Power Series

[80922908]

If f(x) = (1 + ax)(1 + bx)^-1 can be expanded as a power series f(x) = 1 + (Sigma x = 1 to x = infinity)c_nxⁿ, how would you show that c_n = (-b)^n-1(a - b)?

Also, how would you find the radius of convergence?

 

[DrPhil]

If f(x) = (1 + ax)(1 + bx)^-1 can be expanded as a power series f(x) = 1 + (Sigma x = 1 to x = infinity)c_nxⁿ, how would you show that c_n = (-b)^n-1(a - b)?
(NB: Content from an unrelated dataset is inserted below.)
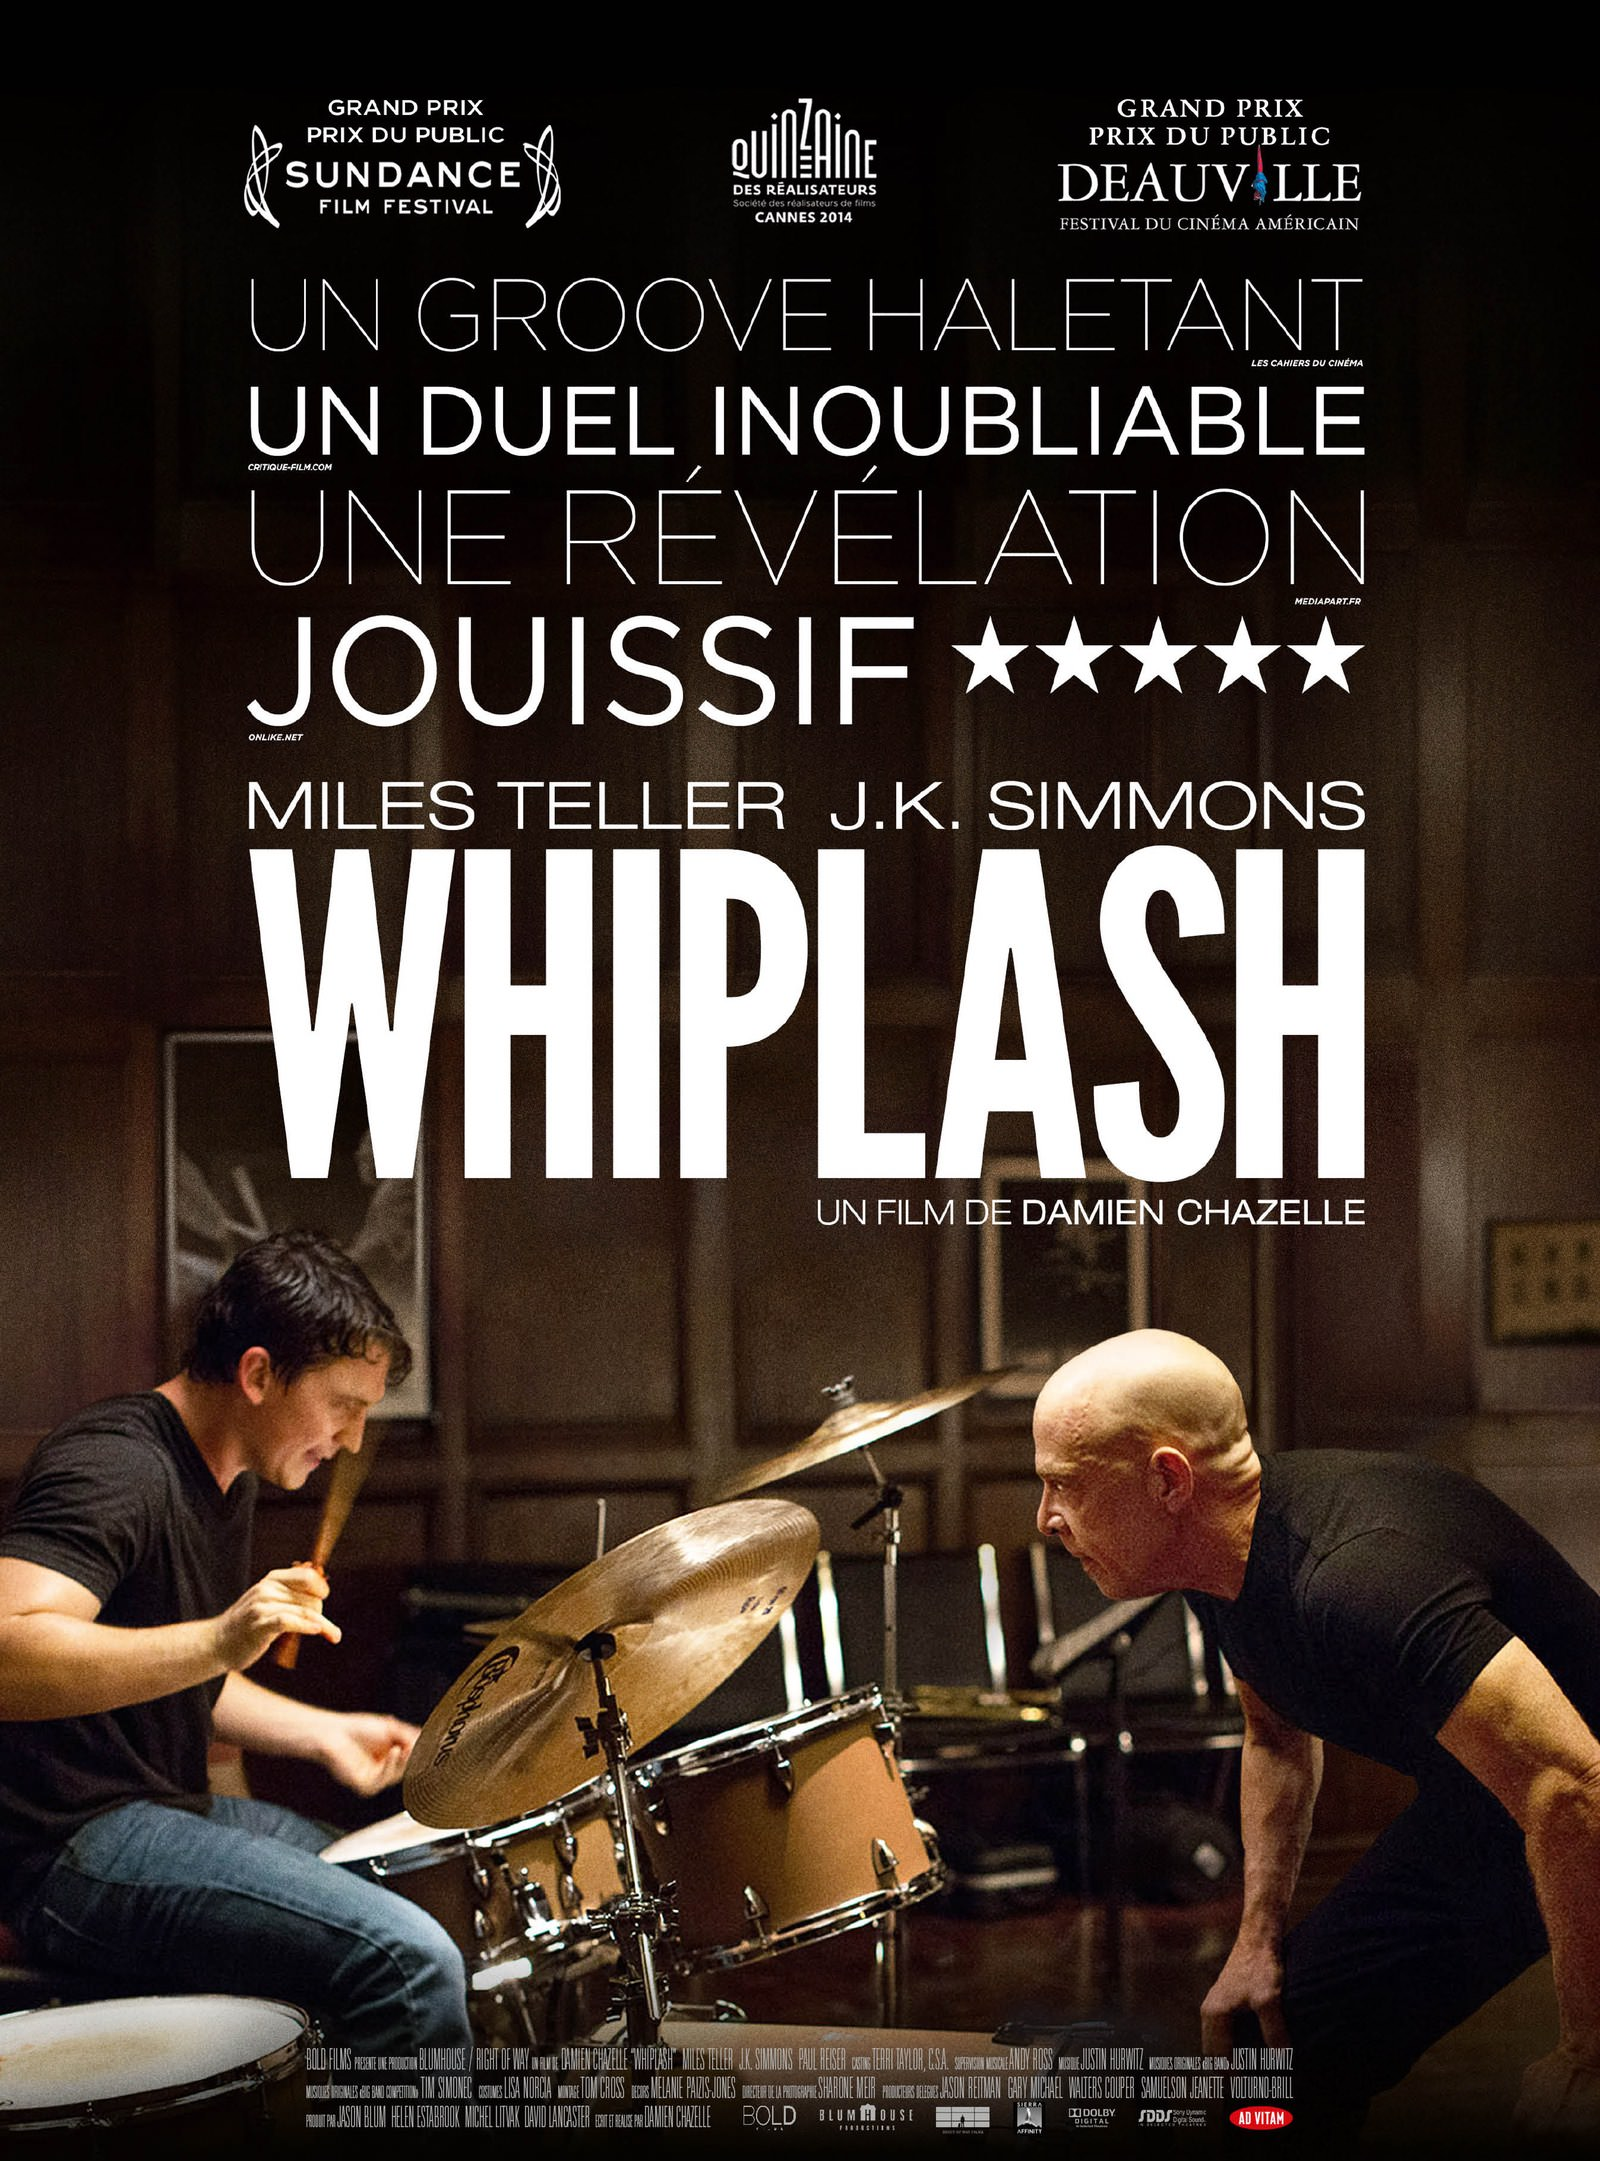 Whiplash chazelle

Also, how would you find the radius of convergence?

We need to see your work - where did you get stuck?

To find c_n, you need to take the nth derivative and evaluate at x=0

\(\displaystyle \displaystyle f(x) = \dfrac{1+ax}{1+bx}, \ \ \ \ \ \ \ \ \ \ \ c_0 = f(0) = 1 \)

\(\displaystyle \displaystyle f'(x) = \dfrac{a}{1+bx} - \dfrac{(1+ax)b}{(1+bx)^2}, \ \ \ \ c_1 = f'(0) = a - b \)

\(\displaystyle f''(x) = \cdot \cdot \cdot \)

Can you go far enough to find the pattern?